3 Experimental results

        We have evaluated our system on the public datasets of TUM RGB-D and KITTI, and compared it with other state-of-the-art SLAM systems in dynamic environments, using the results published in the original paper where possible. Furthermore, we also compare our system with the original ORB-SLAM2 to quantify the improvement of our method in dynamic scenes. In this case, results for some sequences were not published, so we performed their evaluation ourselves. Mur and Tardos [1] suggested running each sequence five times and showing the median results to account for the non-deterministic nature of the system. Since dynamic objects tend to add to this non-deterministic effect, we ran each sequence ten times.

A. TUM Dataset

        The TUM RGB-D dataset [22] consists of 39 sequences recorded at full frame rate (30Hz) in different indoor scenes using a Microsoft Kinect sensor. Both RGB and depth images are available, and ground truth trajectories are also provided, which are finally recorded by a high-precision motion capture system. In the sequence called sitting(s), there are two people sitting at a table talking and gesturing, i.e. low motion. In the sequence titled walking(w), two people walk in the background and foreground, then sit down at a table. This dataset is very dynamic and poses a great challenge to standard SLAM systems. For the two types of sequences, sitting (s) and walking (w), there are four types of camera motion: (1) hemispherical (half): the camera moves along a 1-meter-diameter hemispherical trajectory, (2) xyz: The camera moves along the x, y, z axes, (3) rpy: the camera rotates around the roll, pitch and yaw axes, (4) static: the camera is held still manually.

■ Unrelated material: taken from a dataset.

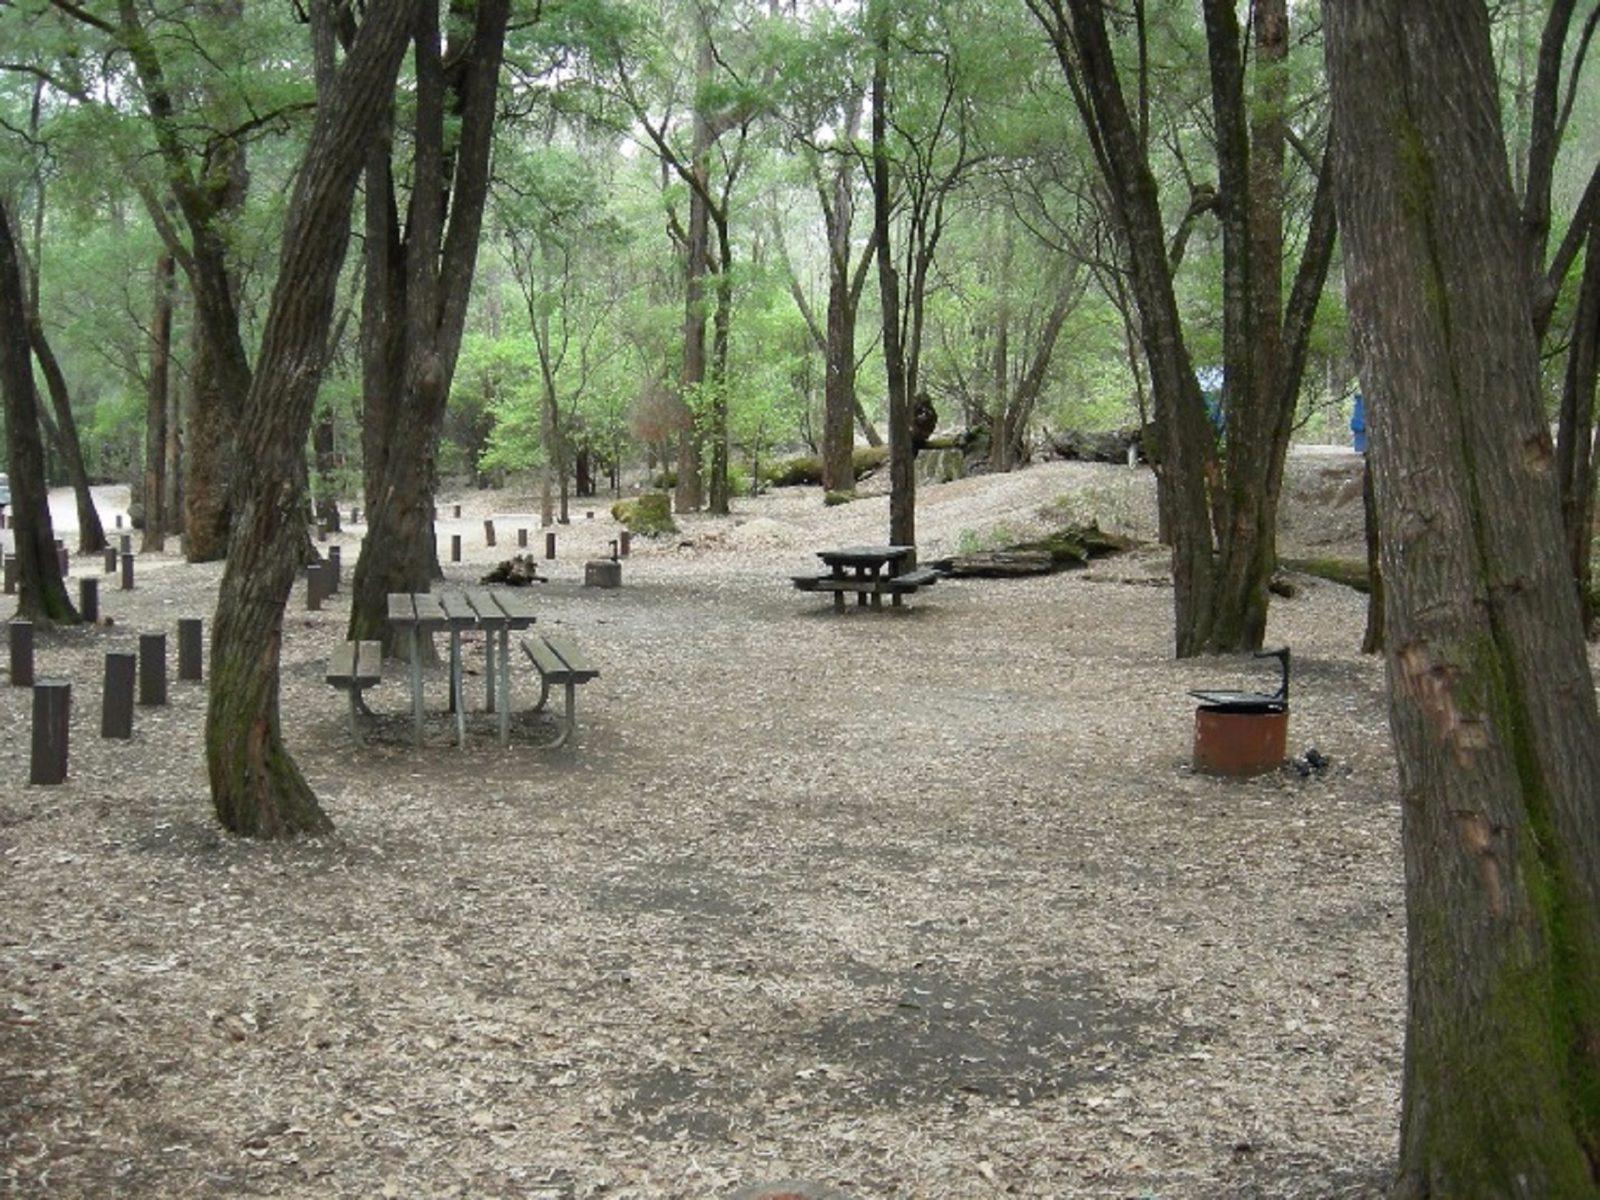 Honeymoon Pool Camp, Wellington National Park
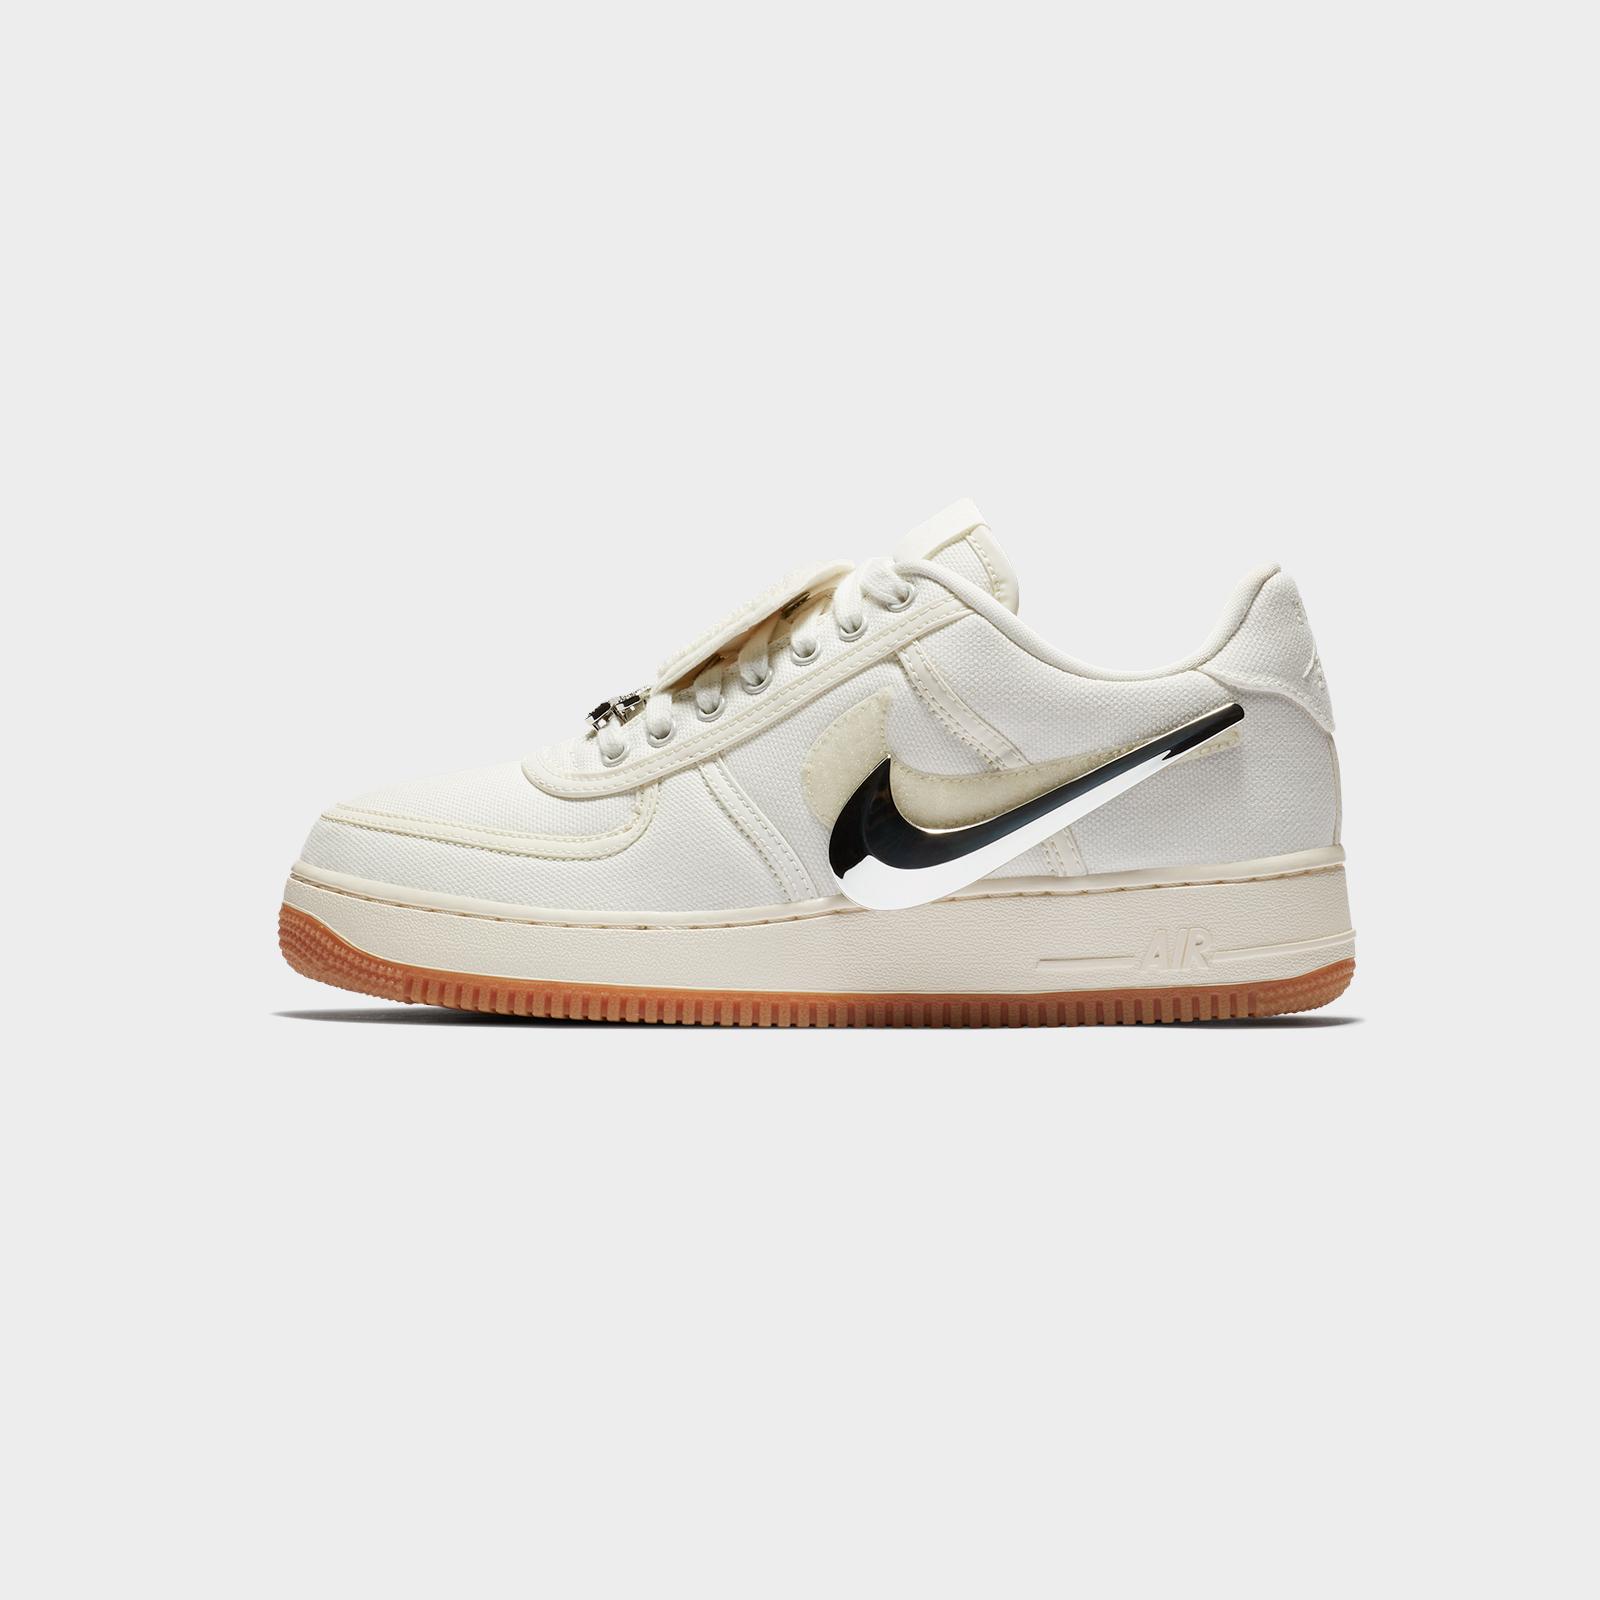 Nike Air Force 1 Low Travis Scott

        We use the absolute trajectory RMSE as the error metric for the experiments, which was proposed by Sturm et al. [22]. In this dataset, the results of different variants of our system on six sequences are shown in Table I. First, DynaSLAM(N) is a system that only uses Mask R-CNN to segment dynamic objects a priori. Second, in DynaSLAM(G), dynamic objects are only detected by a multi-view geometry method based on depth variation. Third, in DynaSLAM (N+G), the detection of dynamic objects is performed by combining geometric and deep learning methods. Finally, we thought it would be interesting to analyze the system shown in Figure 6. In this case (N+G+BI), a background inpainting (BI) stage is performed before tracking and mapping. The motivation for this experiment is that if dynamic regions are inpainted with static content, the system can use the inpainted image as a SLAM system, operating under the stationary assumption. In this proposal, the ORB feature extraction algorithm works in both actual and reconstructed regions of the frame, finding matching points on keypoints of previously processed keyframes.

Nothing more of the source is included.